→ Required action
Output each of the entries exactly, skipping every picture they contain.

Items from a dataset
^^^^^^^^^^^^^^^^

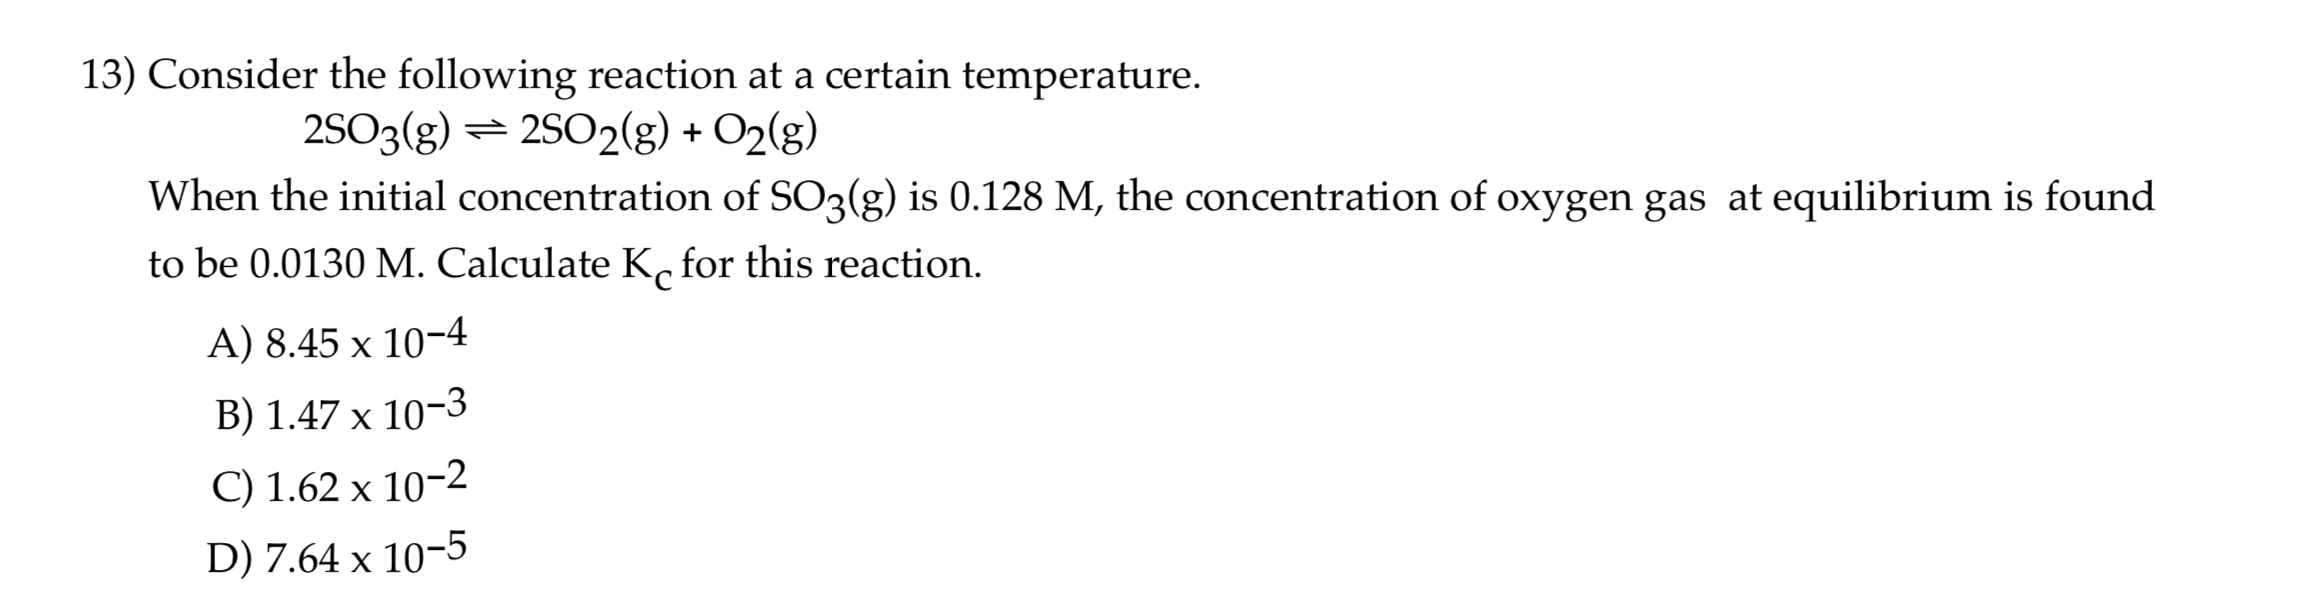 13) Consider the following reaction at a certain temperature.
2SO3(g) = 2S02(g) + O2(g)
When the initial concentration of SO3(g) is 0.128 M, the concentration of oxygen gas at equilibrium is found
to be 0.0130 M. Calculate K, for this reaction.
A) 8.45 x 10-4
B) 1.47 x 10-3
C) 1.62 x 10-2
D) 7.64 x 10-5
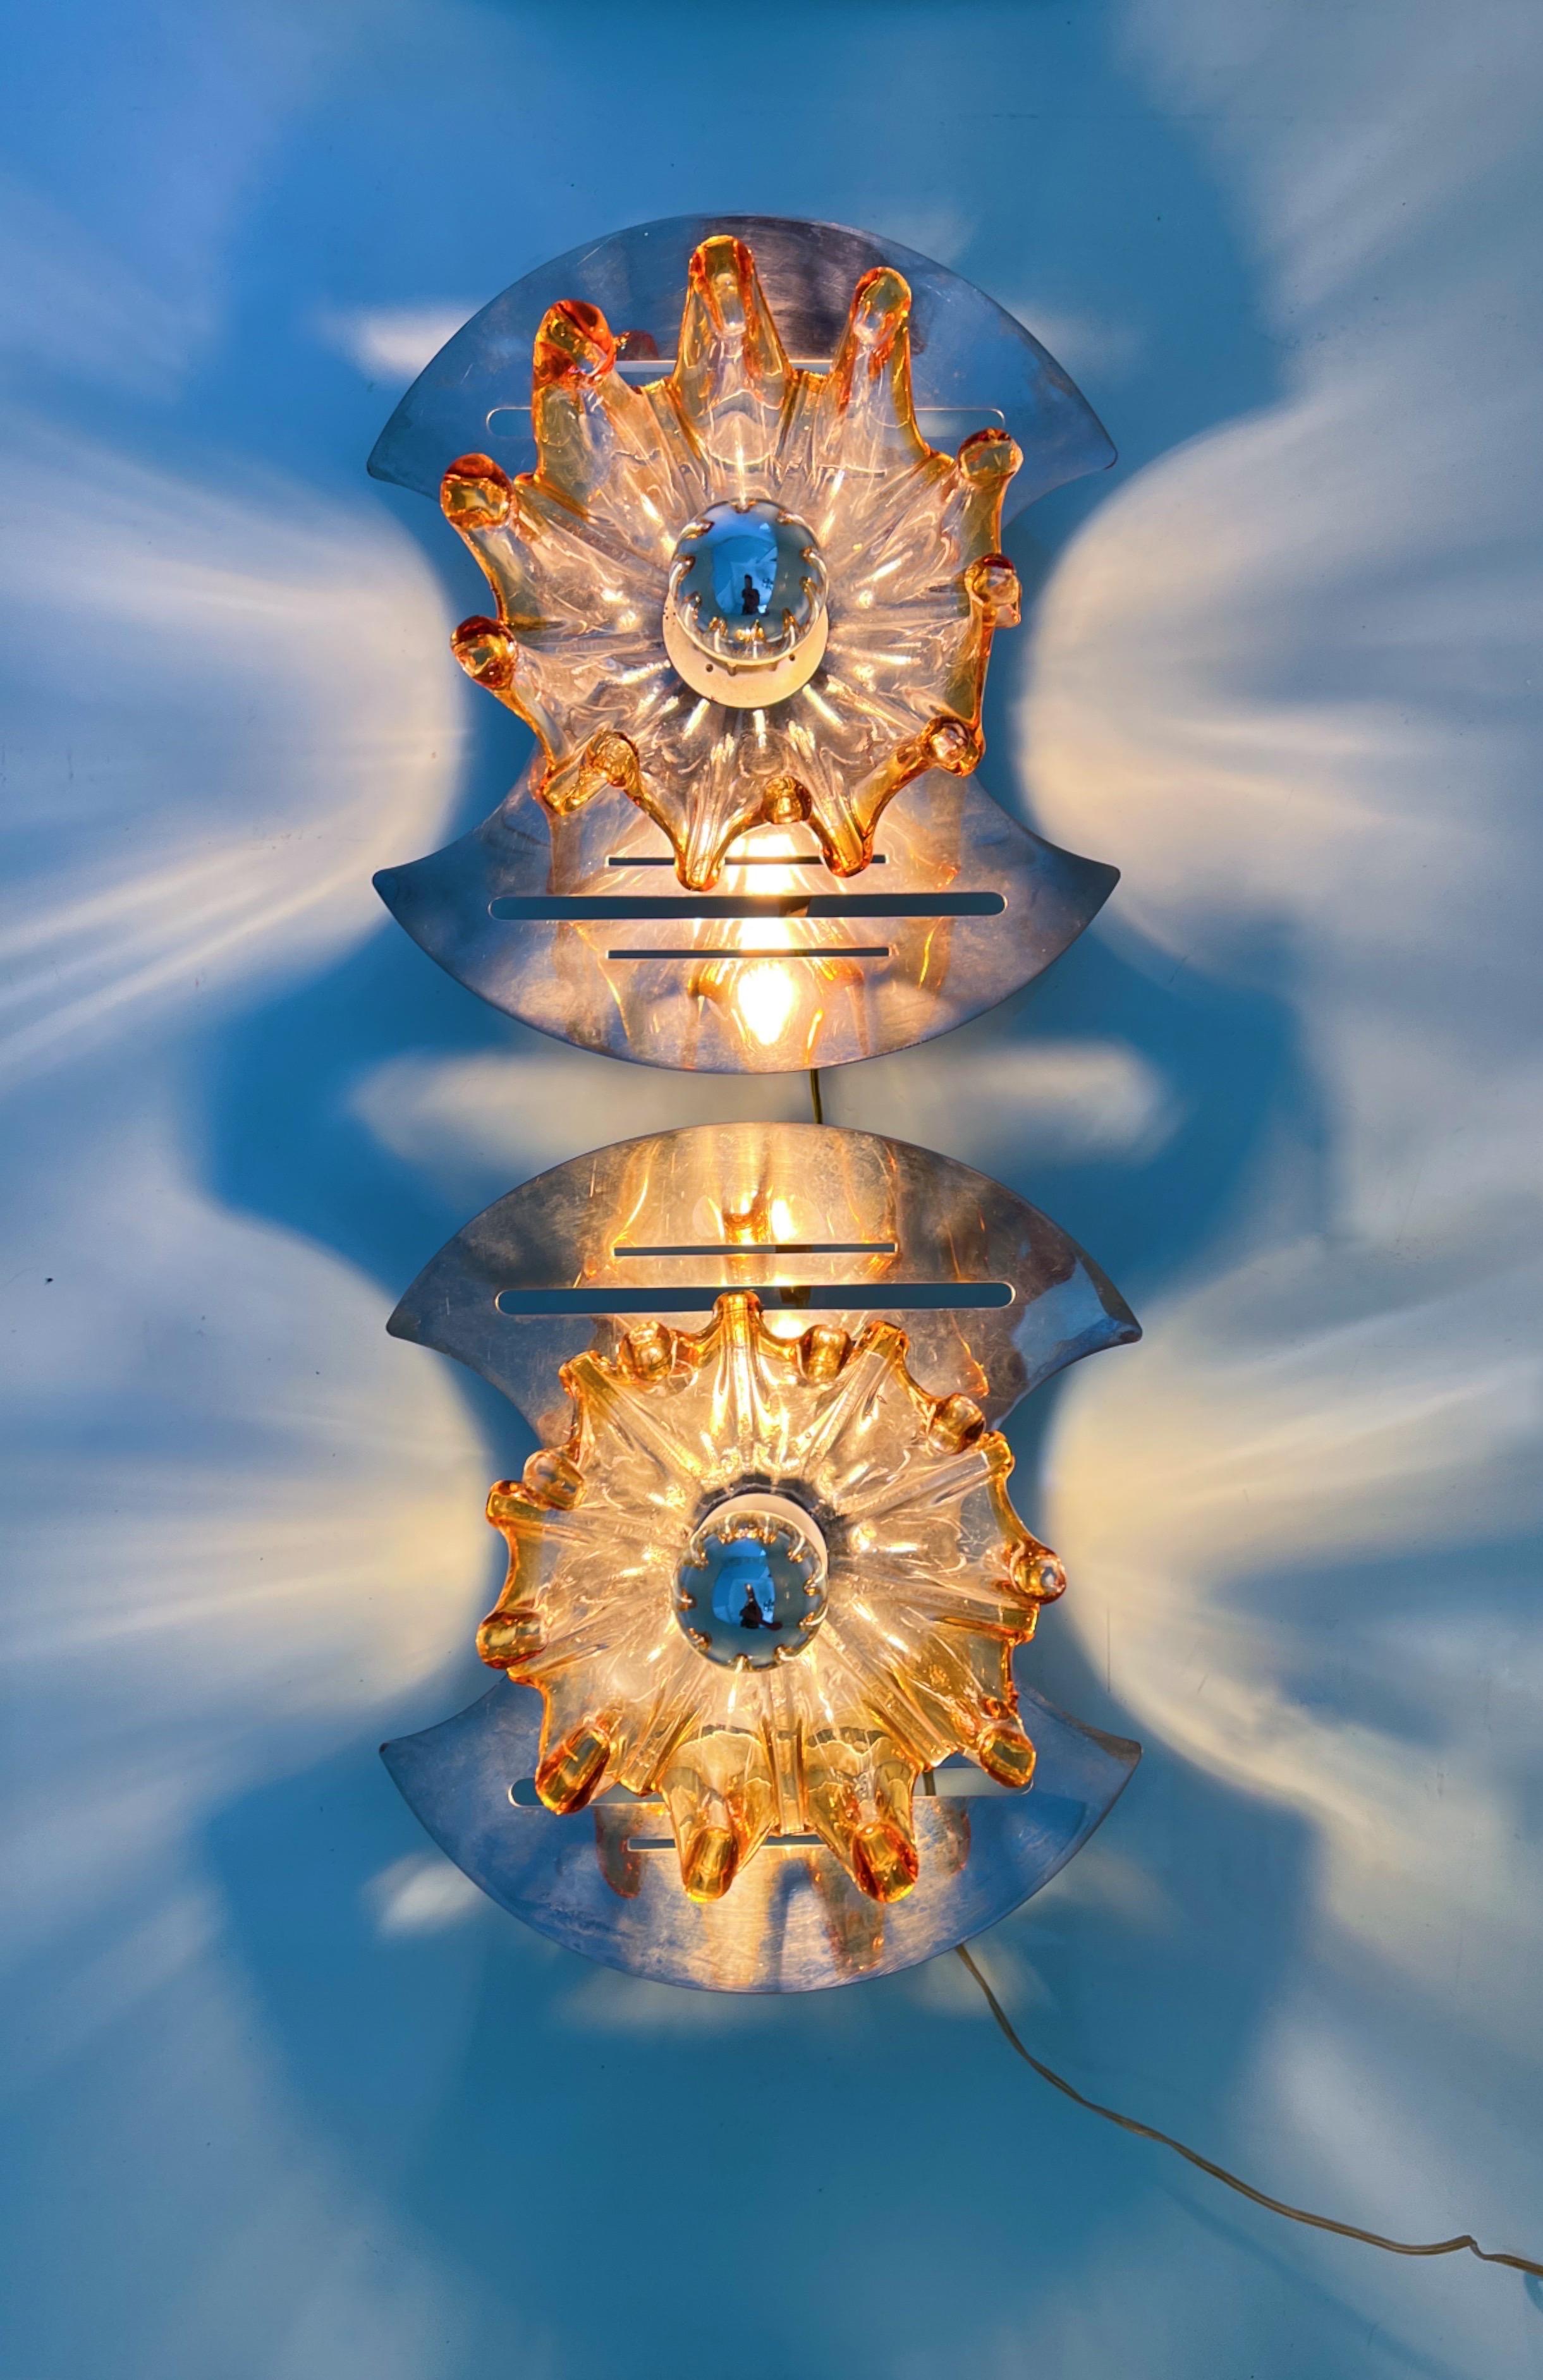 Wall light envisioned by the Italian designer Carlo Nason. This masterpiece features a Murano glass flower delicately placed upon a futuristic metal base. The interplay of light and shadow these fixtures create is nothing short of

^^^^^^^^^^^^^^^^

→ Written reply
 13) Consider the following reaction at a certain temperature.
2SO3(g) = 2S02(g) + O2(g)
When the initial concentration of SO3(g) is 0.128 M, the concentration of oxygen gas at equilibrium is found
to be 0.0130 M. Calculate K, for this reaction.
A) 8.45 x 10-4
B) 1.47 x 10-3
C) 1.62 x 10-2
D) 7.64 x 10-5
 Wall light envisioned by the Italian designer Carlo Nason. This masterpiece features a Murano glass flower delicately placed upon a futuristic metal base. The interplay of light and shadow these fixtures create is nothing short of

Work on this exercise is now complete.